Мы вошли в приемную, и сразу же попали в центр внимания – промерзшие коллеги прикипели взглядами к моей спутнице, которая небрежно сняла капюшон и вальяжным движением навела на голове огненный бардак. Мне до жути нравится, когда красивые девушки вот так запросто относятся к своей внешности, и Аска только что получила очередной жирный плюсик в моем мысленном табеле.
– А где тут кабинет капитана Кацураги? – поинтересовалась Сорью, нарушая звонкую паузу. – Мне надо представиться начальству.
– Позвольте, но вы… – начал было наш бессменный дежурный, но Аска его оборвала, демонстрируя значок. А поскольку жетон нашит был на перчатку с тыльной стороны ладони, то Сорью показала Масахире натуральный задорный кулак.
– Старший лейтенант Сорью, Берлин. Повторить, господин дежурный специал?
Я поморщился: это было грубо. С другой стороны, я уже имел возможность убедиться, что Сорью Аска Лэнгли слов не выбирает – в конце концов, она же не японка.
– Н-нет, госпожа Сорью… Пожалуйста, вам сюда, – пробормотал расстроенный Масахира, открывая двери. – Четвертый кабинет слева.
Аска кивнула мне и исчезла, помахивая гривой. Только сейчас обнаружилось, что на спине у нее красовалась надпись «R U Sure?». Я успел мысленно ответить, что таки нет, не уверен, и тут же был окружен коллегами. Аоба, Такагаса и Винс взяли меня по всем правилам и тут же засыпали вопросами, общий смысл которых сводился к тому, почему я такой говнюк и мне так везет.
– У нее ствол шестисотого калибра, – сказал я, снял шляпу и пошел в зал для брифингов. Позади меня разрастался вакуум полного непонимания – ну и пусть себе. Идиоты.
Счастливчик, тоже мне. Видал я такое счастье.
И тут началось совещание. Кацураги представила новую сотрудницу, велела вести себя хорошо и баловаться только по делу, а Сорью все это время улыбалась так, что все, даже Такагаса, кажется, поняли: баловаться не стоит даже по делу.

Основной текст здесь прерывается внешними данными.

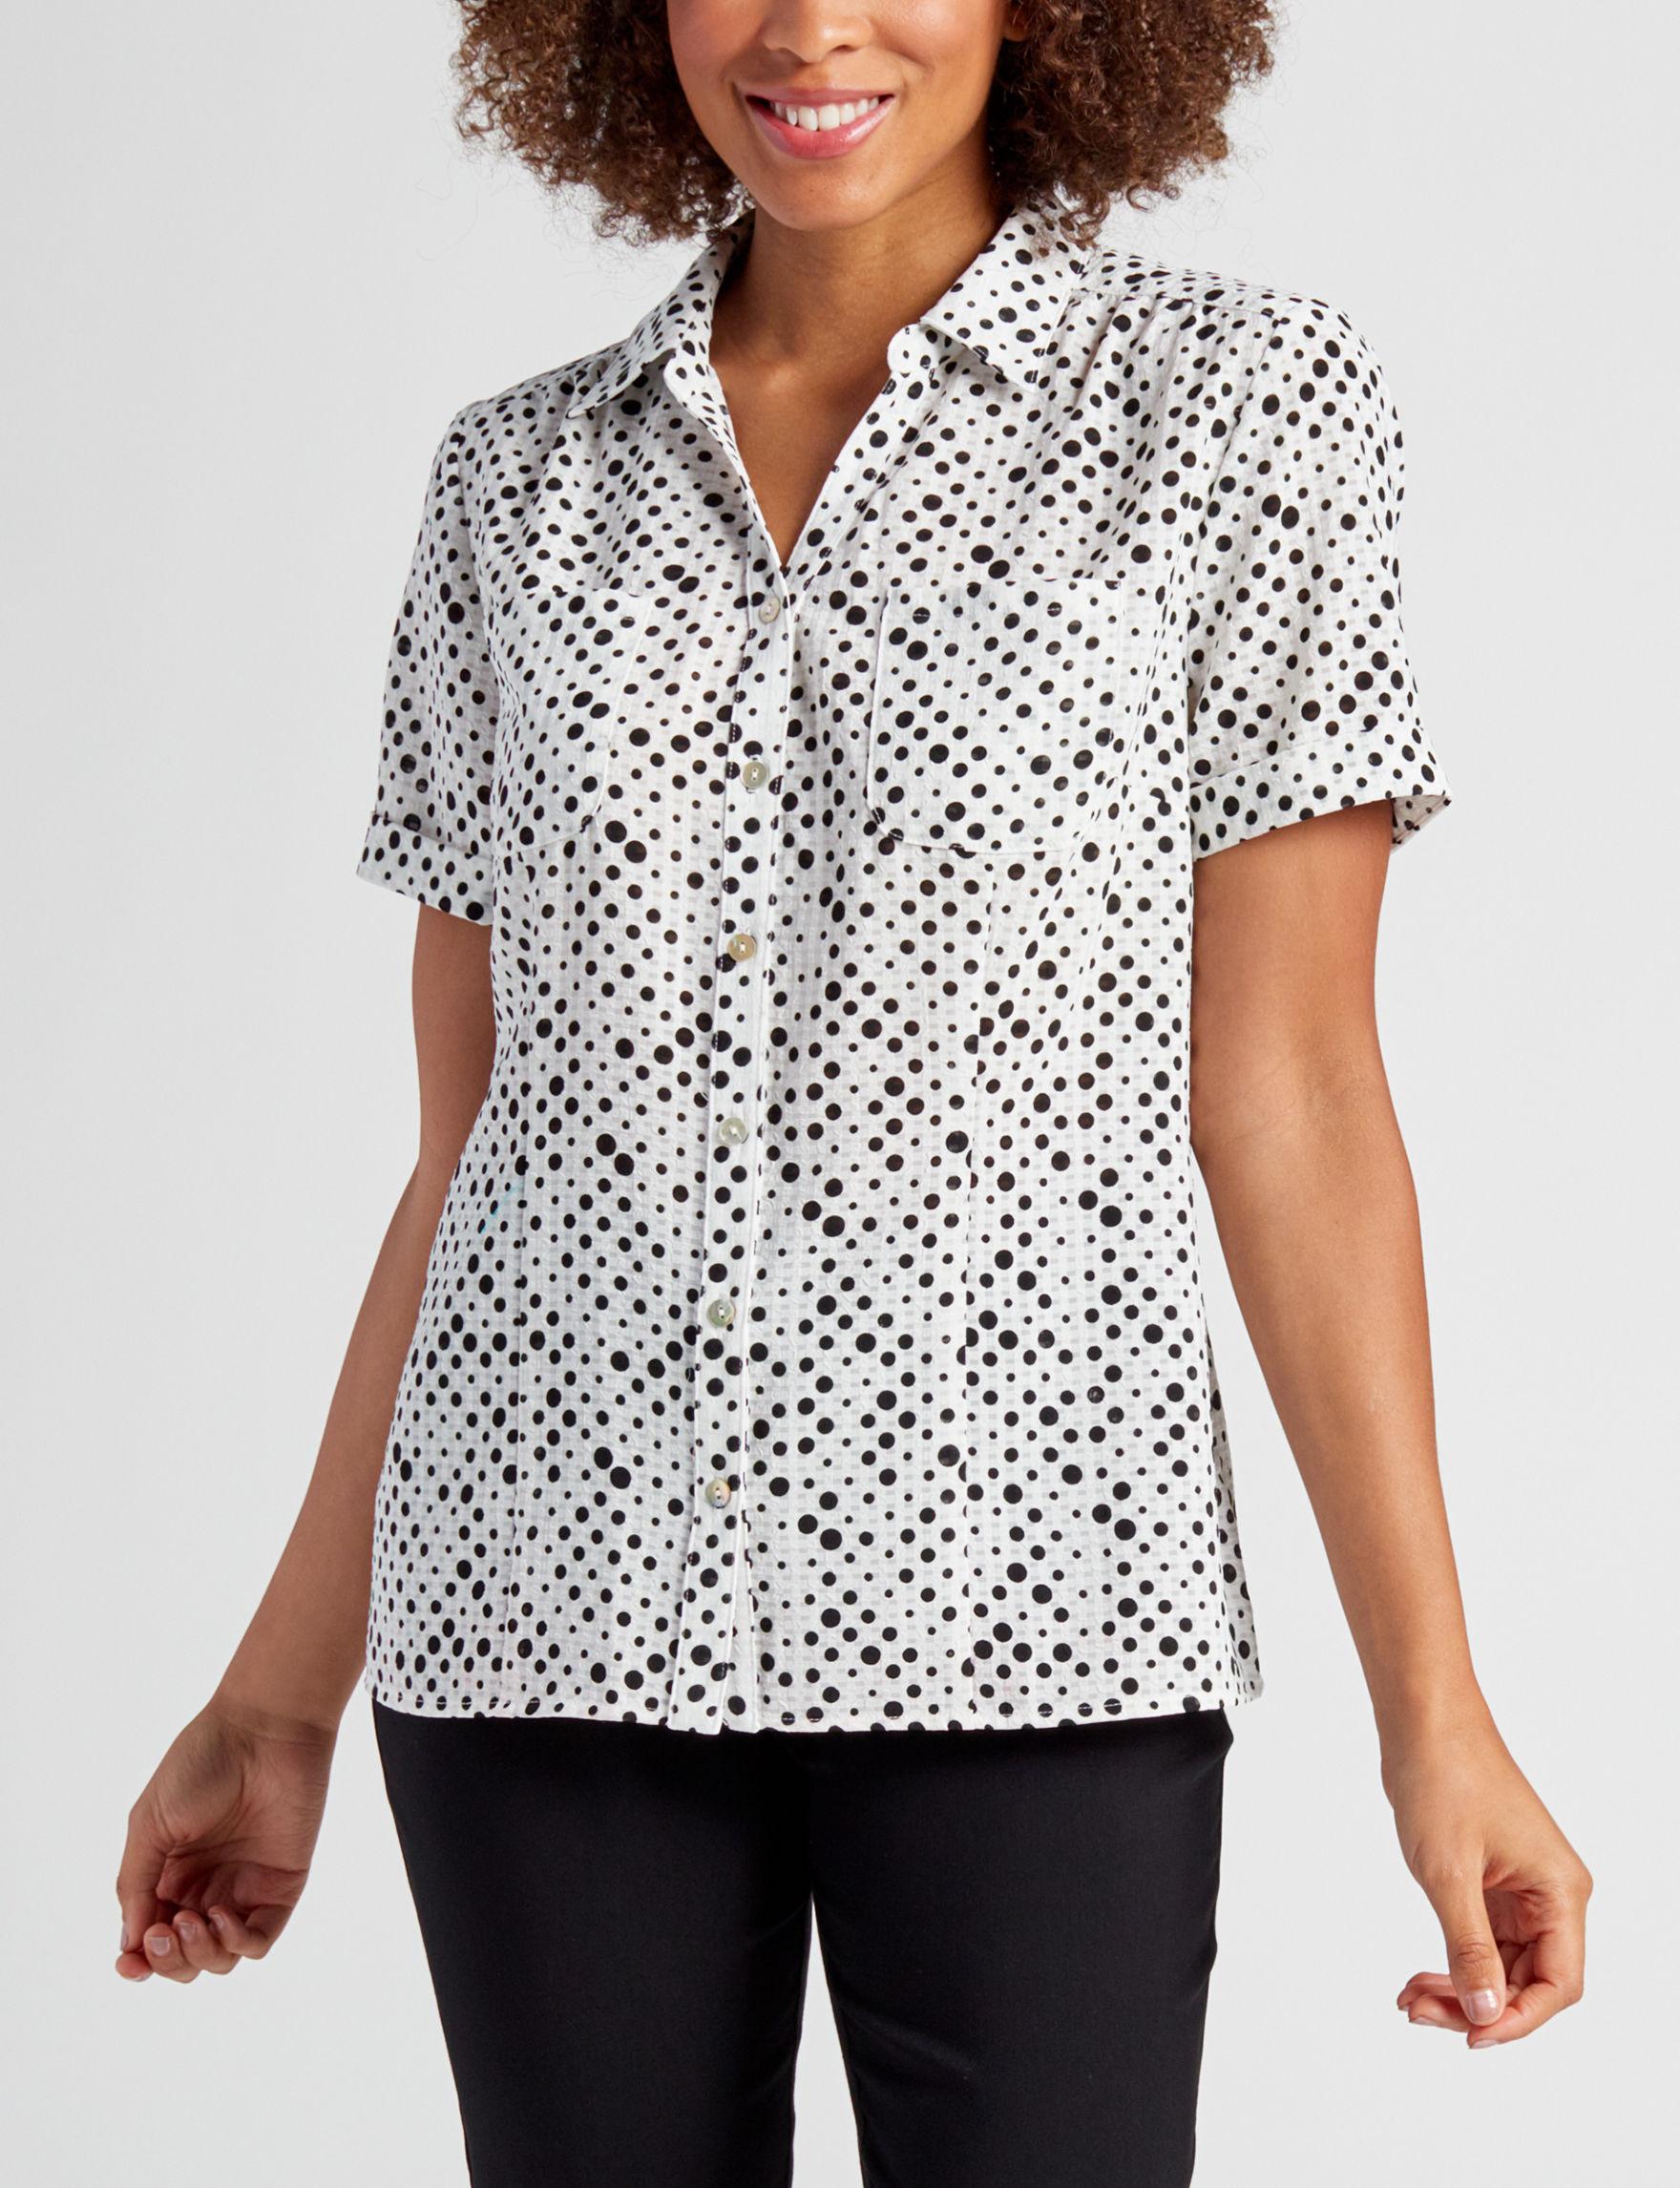 Rebecca Malone Black / Cream Shirts & Blouses
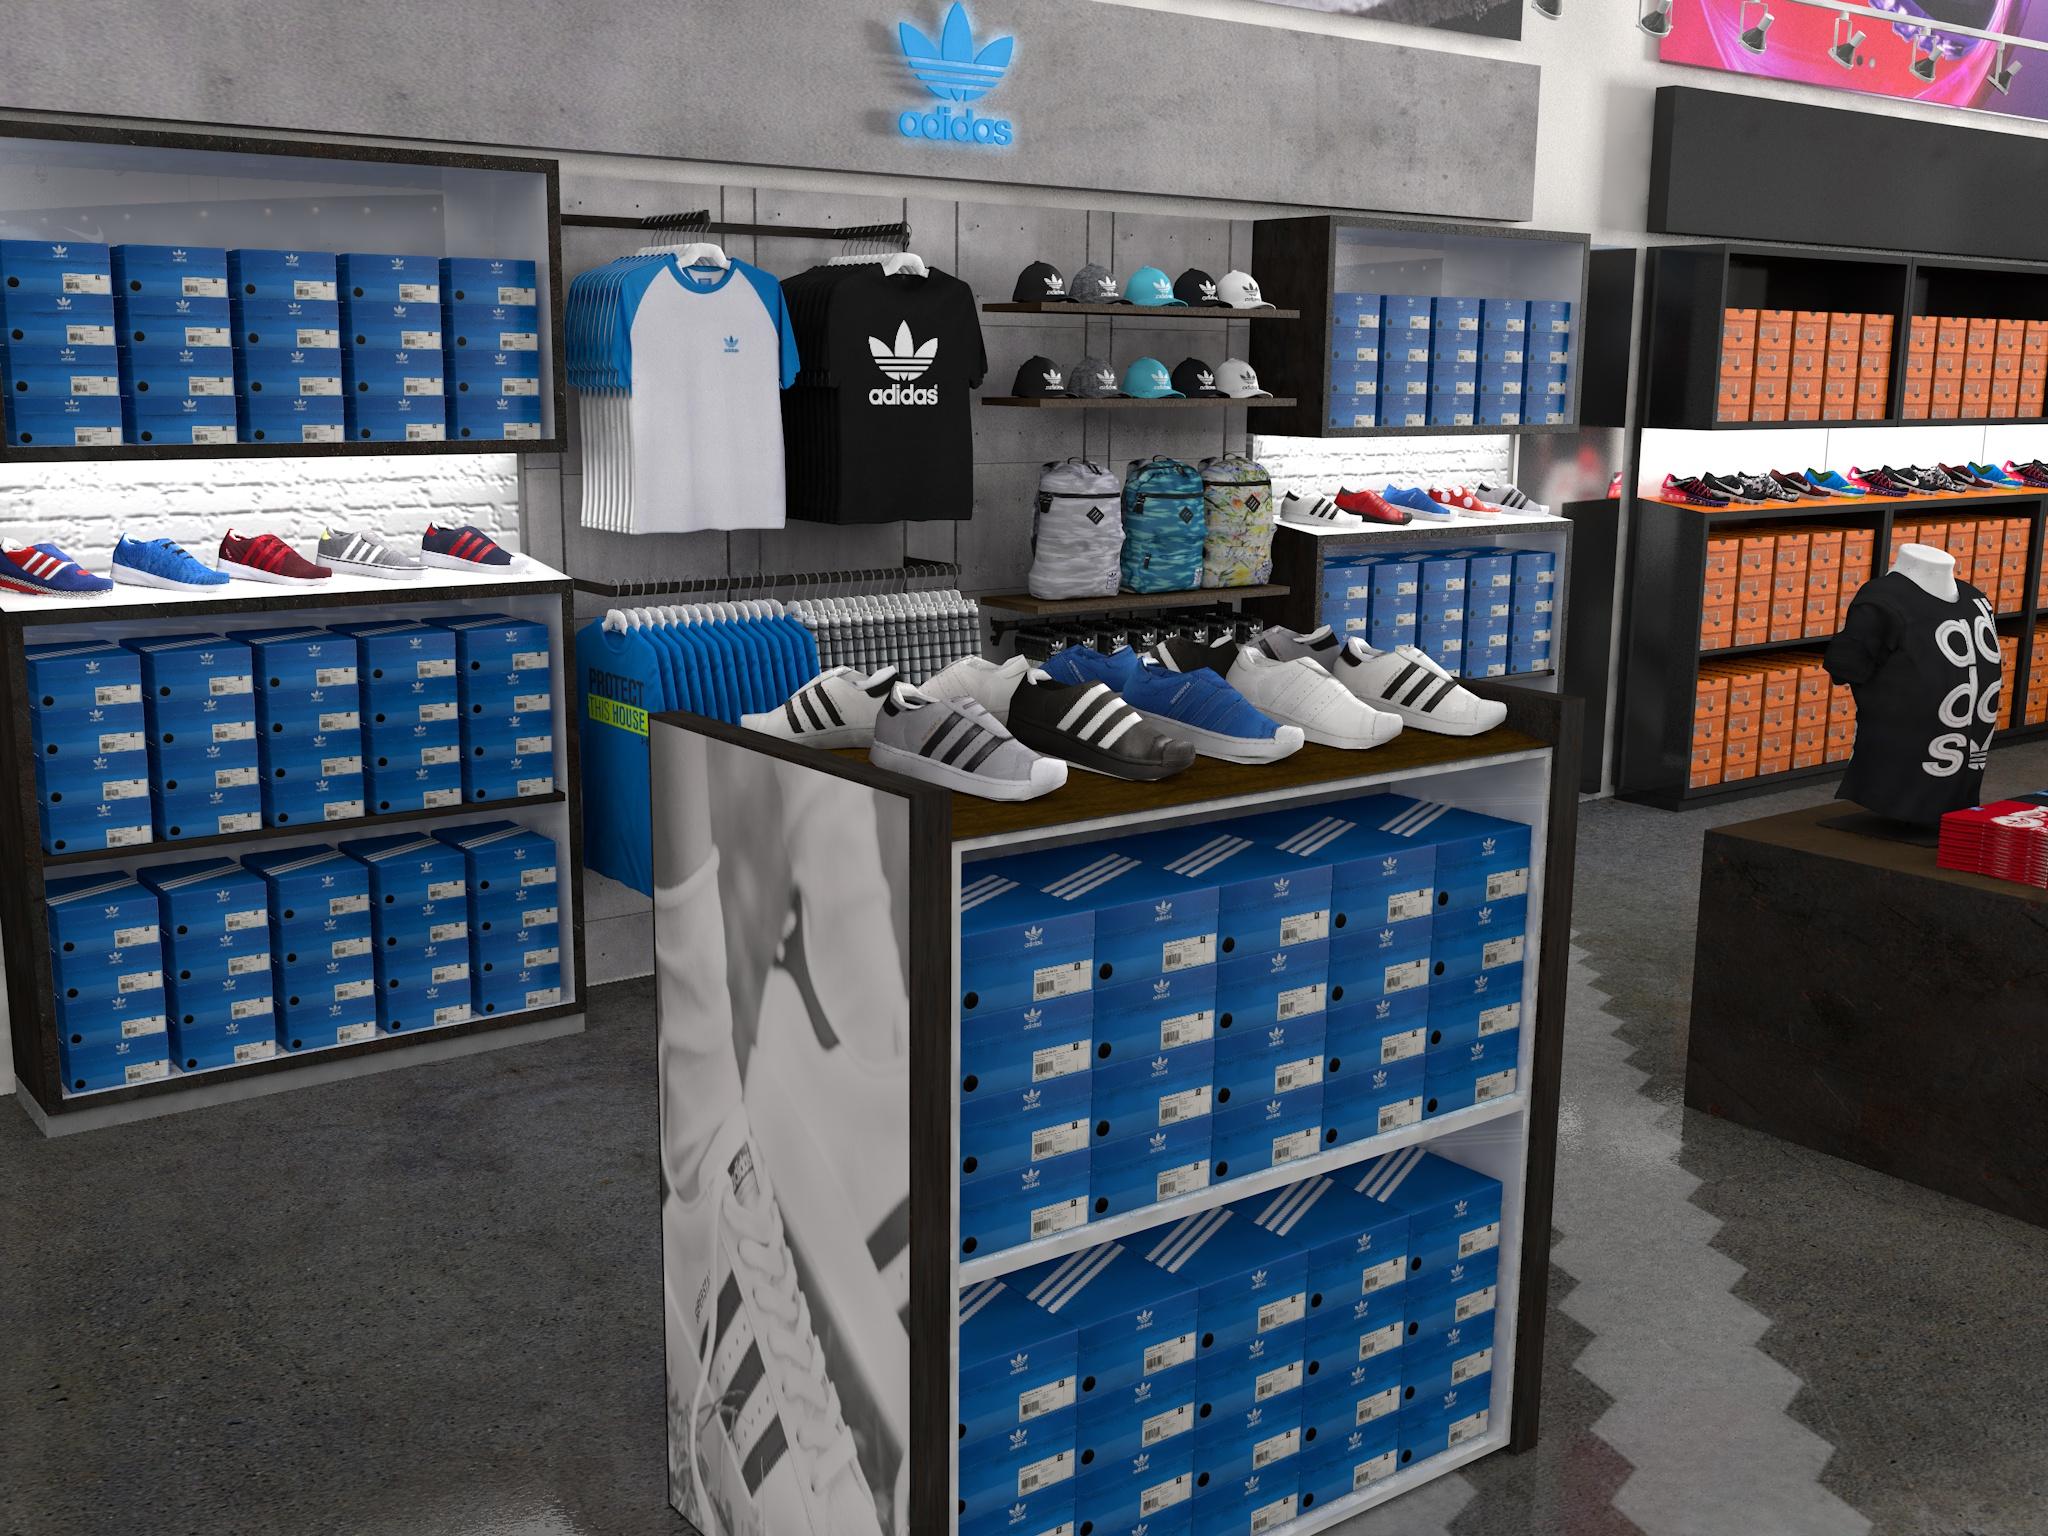 Adidas WSS Shop

– Так. Теперь по сути. В портовом районе какие-то проблемы с модулем сто пять. Макото уже выехал туда…
«А я думаю, где это очкастый…»
– Две жалобы на управление…
«И в бурю, и в шторм, и в дождь огненный. Как им не надоест, либералам хреновым?..»
Я успел изобразить вполне приятную карикатуру на Винса, и вдруг понял, что следующий профиль напоминает мне кого-то другого – о ком, я оказывается, до сих пор думаю. Я спешно заштриховал его, кляня рассеянность, и потому прослушал следующие несколько пунктов разбора. Аска тем временем скучала и разглядывала окружающих, а сами эти окружающие принимали подчеркнуто небрежные позы, претендуя на звание отчаянно крутых парней. Позеры дешевые.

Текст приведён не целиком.